_Assignment_
Print only the lines below from the one with "New Halo Infinite" to the one with "George interior design", both included, exactly as they stand. Leave pictures out.

═════ Records supplied ═════

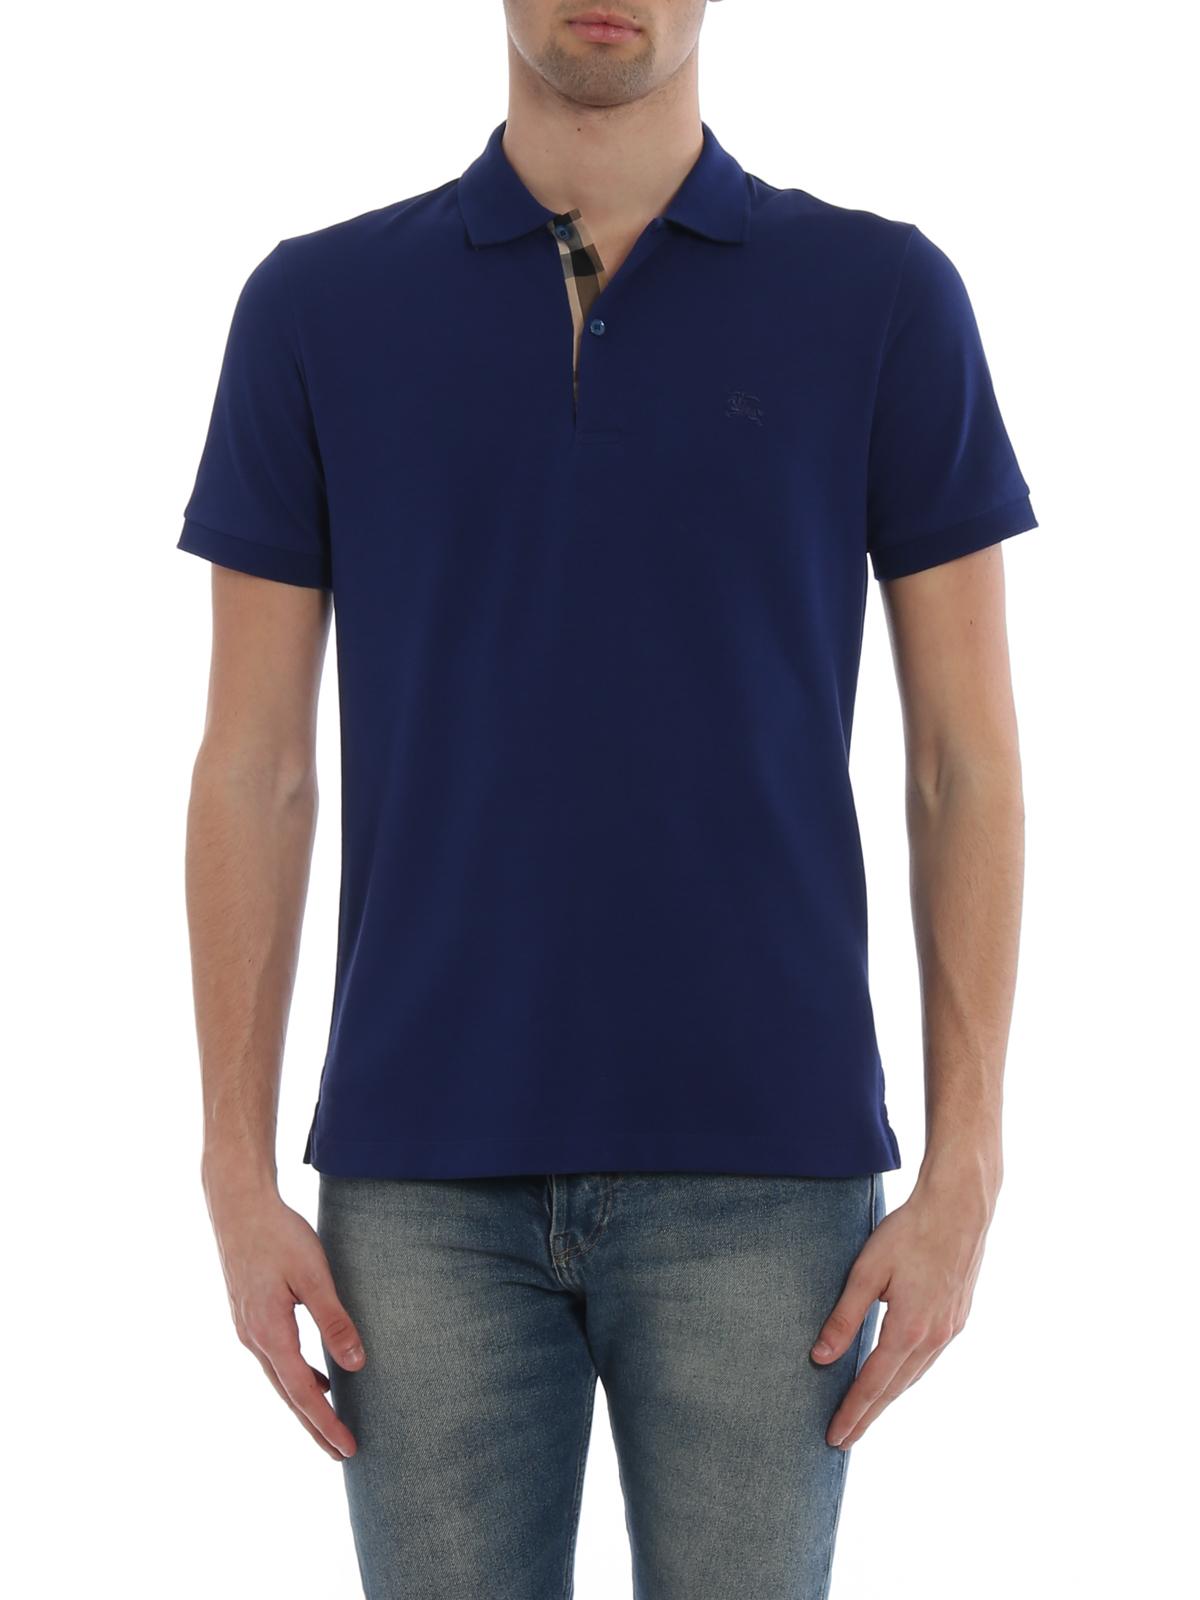 Burberry Oxford Blue Cotton Polo Shirt Polo Shirts 4068779
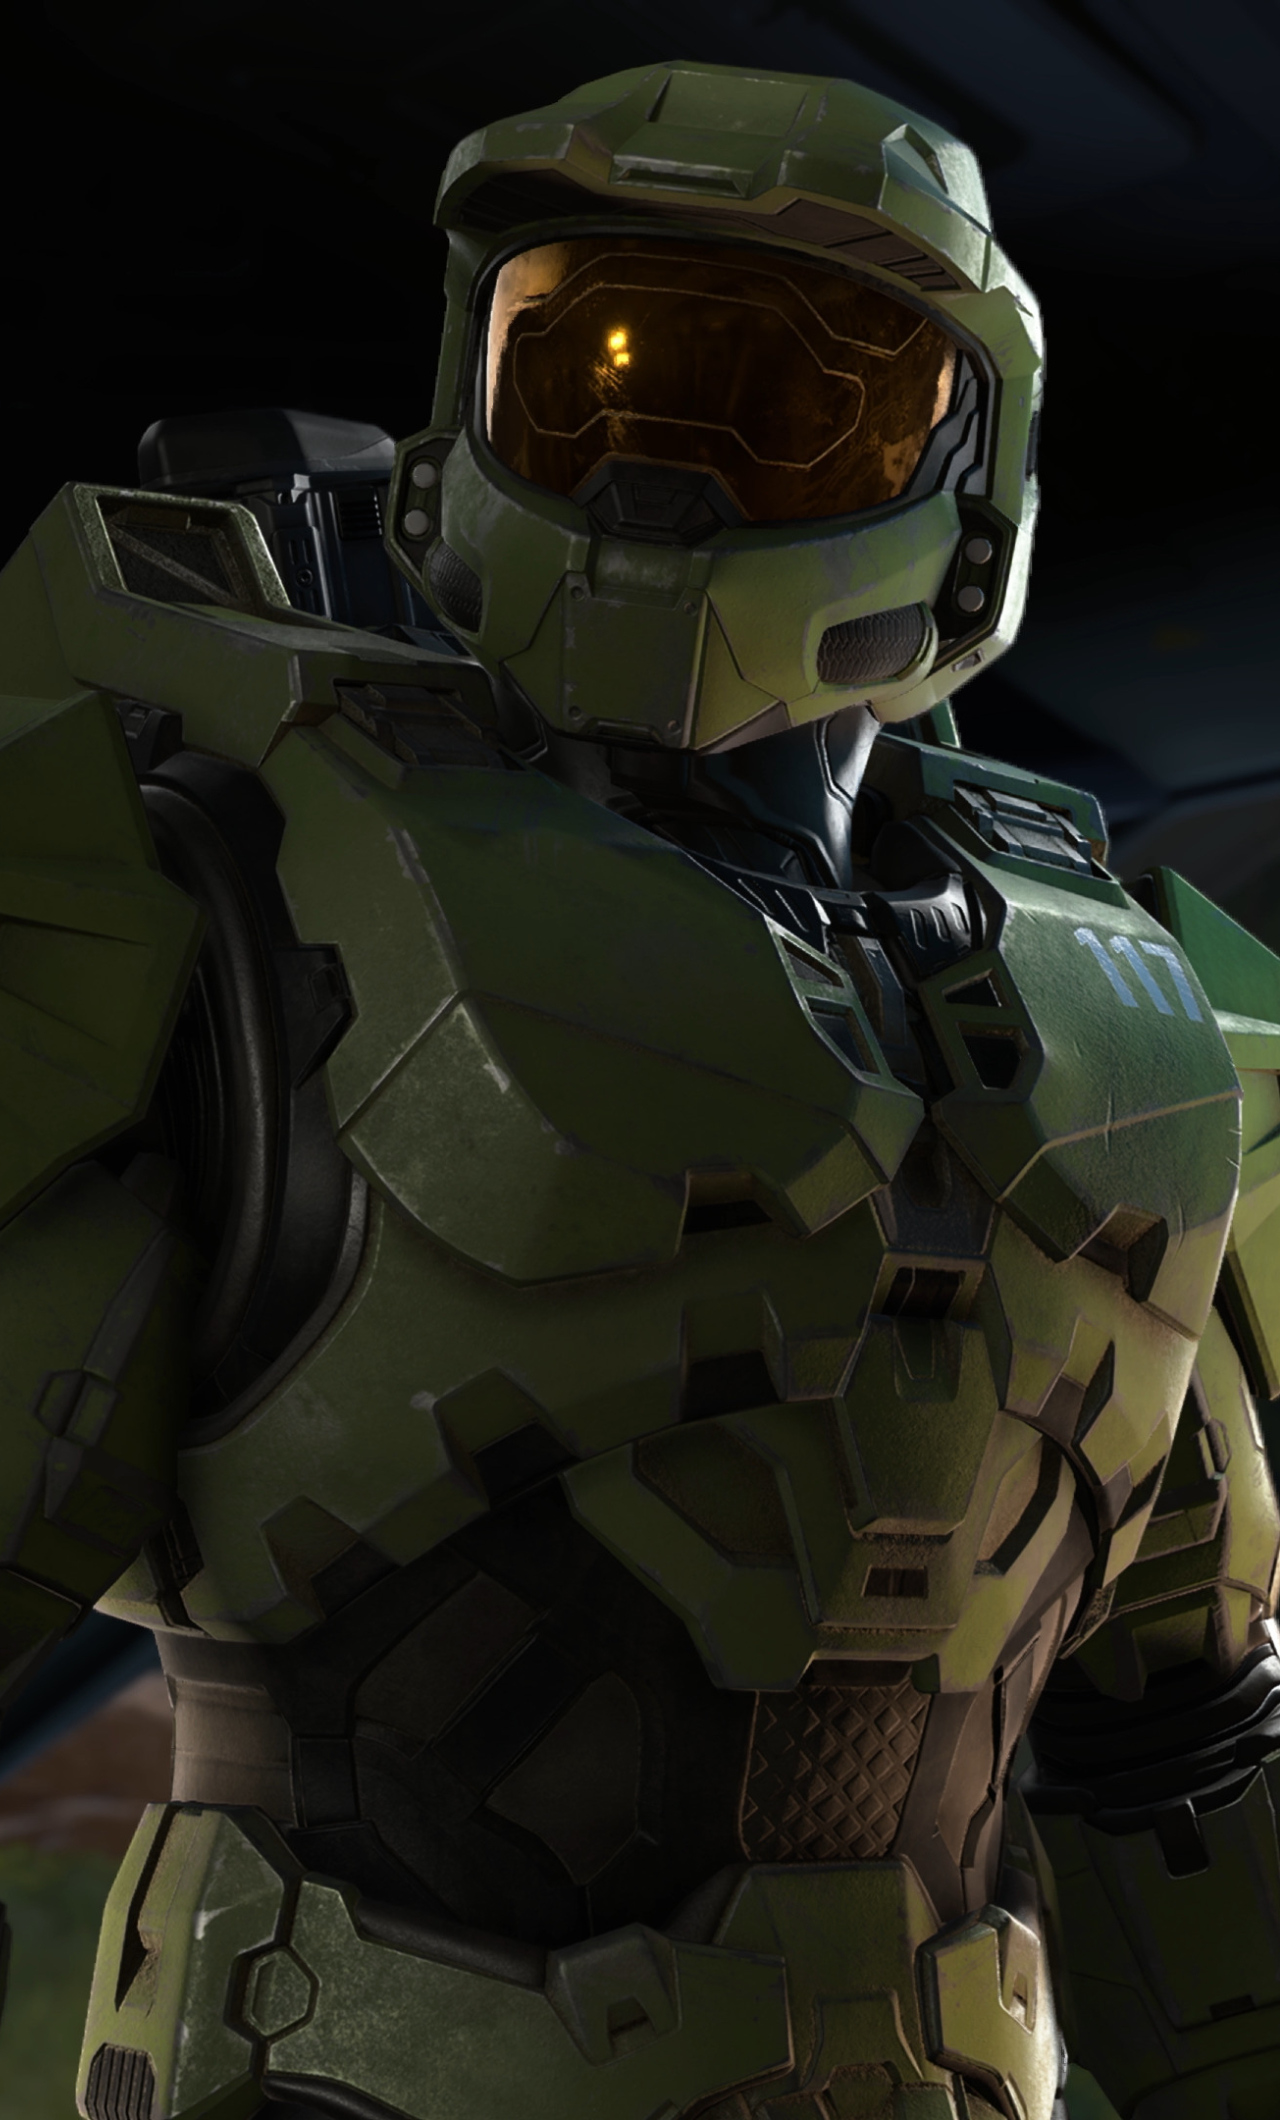 New Halo Infinite 4K Wallpaper in 1280x2120 Resolution
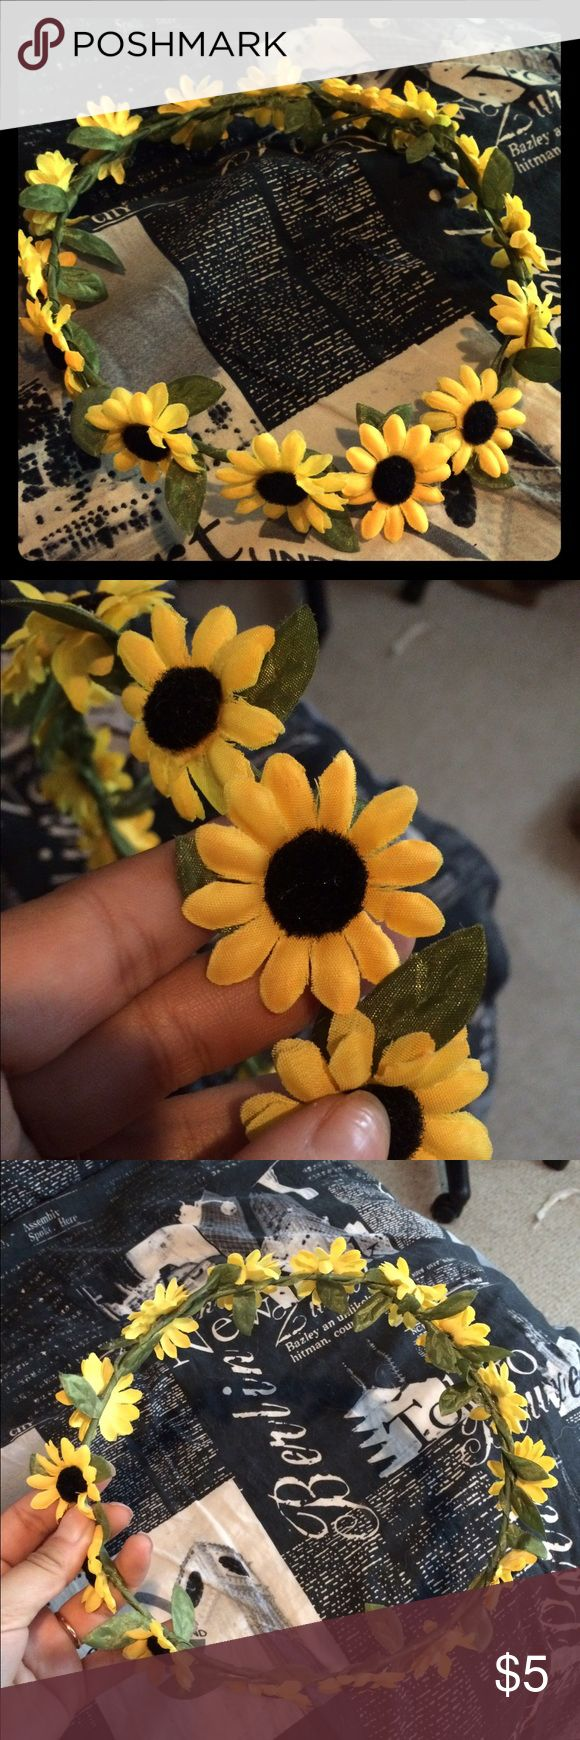 Sunflower headband Sunflower headband great for festivals WILL BUNDLE Accessories Hair Accessories
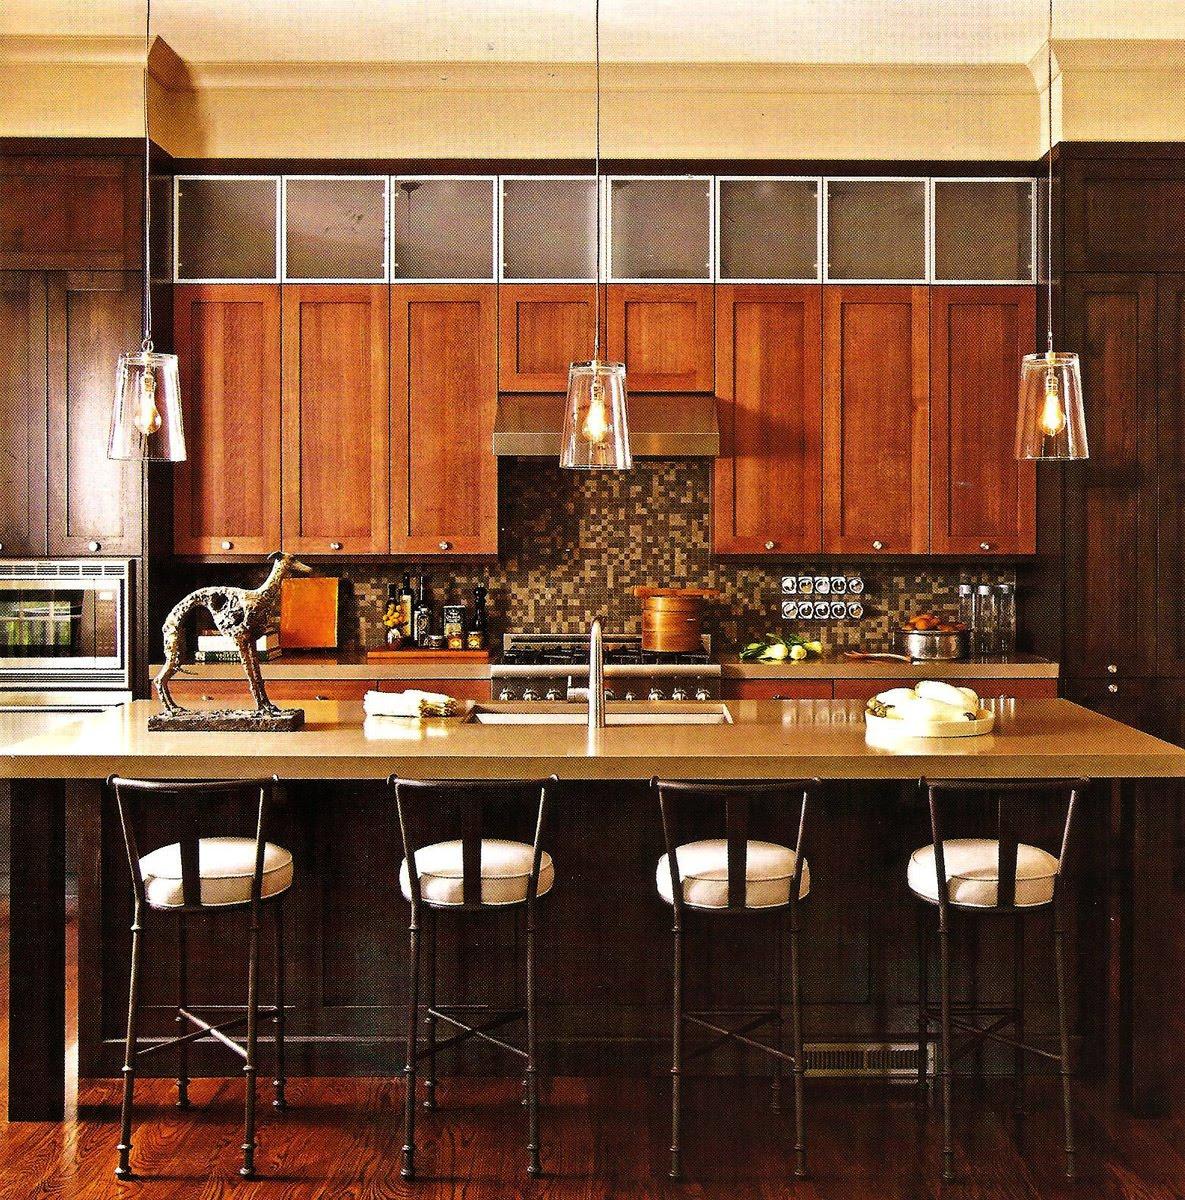 George interior design tuesday terms edison bulb for 2 kitchen ct edison nj
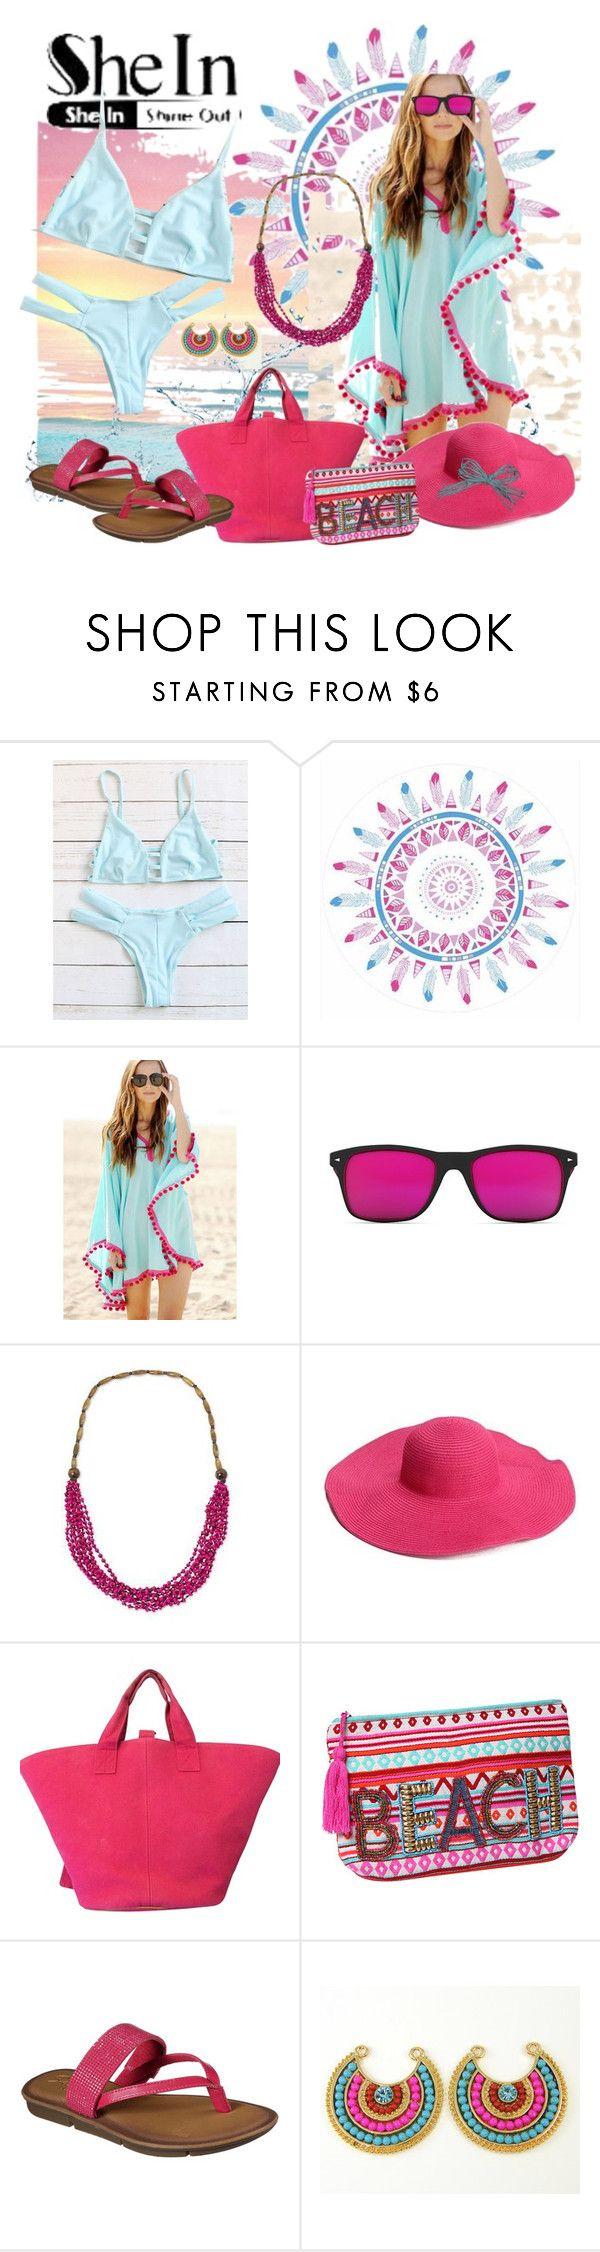 """www.shein.com/Blue-Cutout-Strappy-Sexy-Bikini"" by susan-993 ❤ liked on Polyvore featuring Isharya, GlassesUSA, NOVICA, Hermès, ále by Alessandra and Skechers"

═════

_Result_
 New Halo Infinite 4K Wallpaper in 1280x2120 Resolution
 Sunflower headband Sunflower headband great for festivals WILL BUNDLE Accessories Hair Accessories
 George interior design tuesday terms edison bulb for 2 kitchen ct edison nj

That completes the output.